Liv: ist die Hauptperson und hat ein eigenes Pferd namens Hauke

Mareike: Livs beste Freundin

Finn: Livs bester Freund

Jan: Liv verliebt sich in ihn, er ist ein richtig guter Fußballspieler und so eine Art Berühmtheit im Dorf

Tante Isadora: Livs Tante, bei der sie immer die Ferien verbringt

Onkel Piet: der Mann von Tante Isadora, ihm gehört der Reiterhof

Inhalt:
Wie jede Ferien ist Liv auf dem Pferdehof ihrer Tante. Allerdings hat ihre beste Freundin Mareike jetzt einen Freund und nicht mehr so viel Zeit für sie. Finn, ihr bester Freund, muss jetzt seinen Eltern immer im Café helfen. Liv hat ein Pferd namens Hauke. Eigentlich gehört er nicht ihr, aber er lässt sich von sonst niemandem reiten.

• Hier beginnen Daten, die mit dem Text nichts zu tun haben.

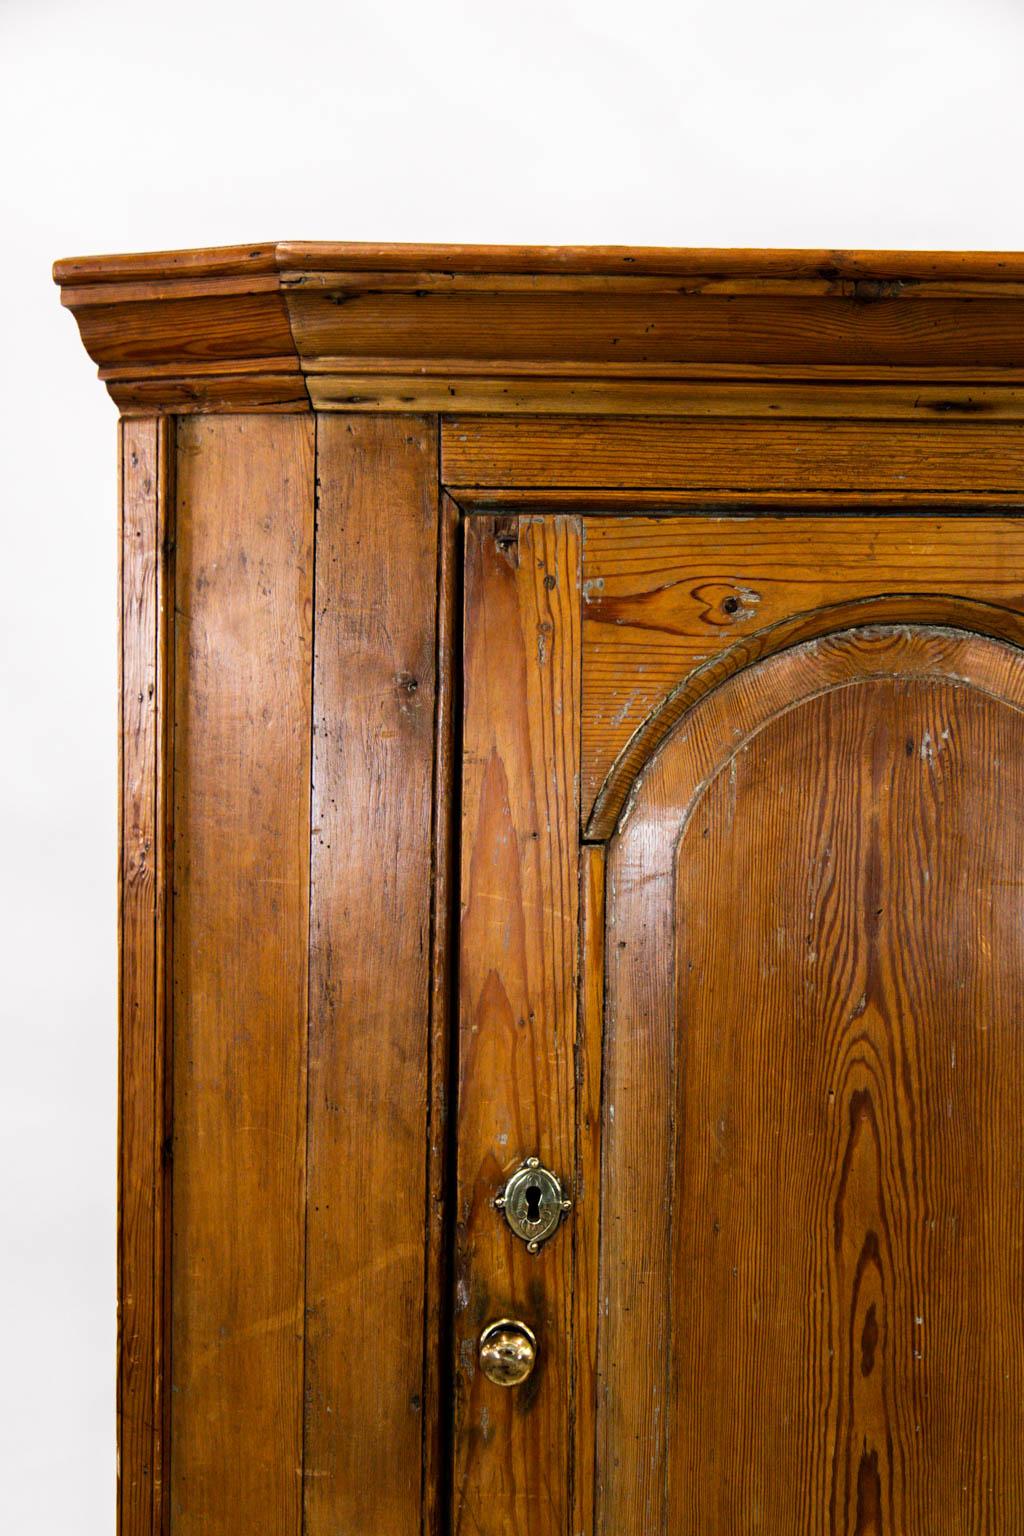 This English corner cupboard has a double raised panel door and exposed peg construction. The door is framed with simulated bead molding. The interior has four concave shaped shelves.

Hauke verhält sich plötzlich total komisch und läuft immer zu Jan, in den Liv sich dann verliebt. Alle meinen, dass er ein totaler Angeber ist, aber sie ist da anderer Meinung. Wenn sie mit ihm alleine ist, verhält er sich so anders und nach kurzer Zeit kann sie ihn sehr gut verstehen. Als Liv dann erfährt, dass Hauke vielleicht verkauft werden muss, ist das Chaos perfekt.

Bewertung:
Das Buch war zwar sehr spannend, allerdings auch etwas übertrieben. Was mir nicht gefallen hat, war das Ende. Es kam total plötzlich und war irgendwie seltsam. Es wurde keine einzige der großen Fragen geklärt. Außerdem war man sich nicht sicher, ob es einfach ein sehr offenes Ende ist oder ob es eine Buchreihe werden soll. Deswegen gebe ich nur 2 von 5 Sternen. Das tut mir sehr leid, da ich mich total auf das Buch gefreut habe und die Geschichte eigentlich ziemlich gut war, aber das Ende hat mir einfach überhaupt nicht gefallen.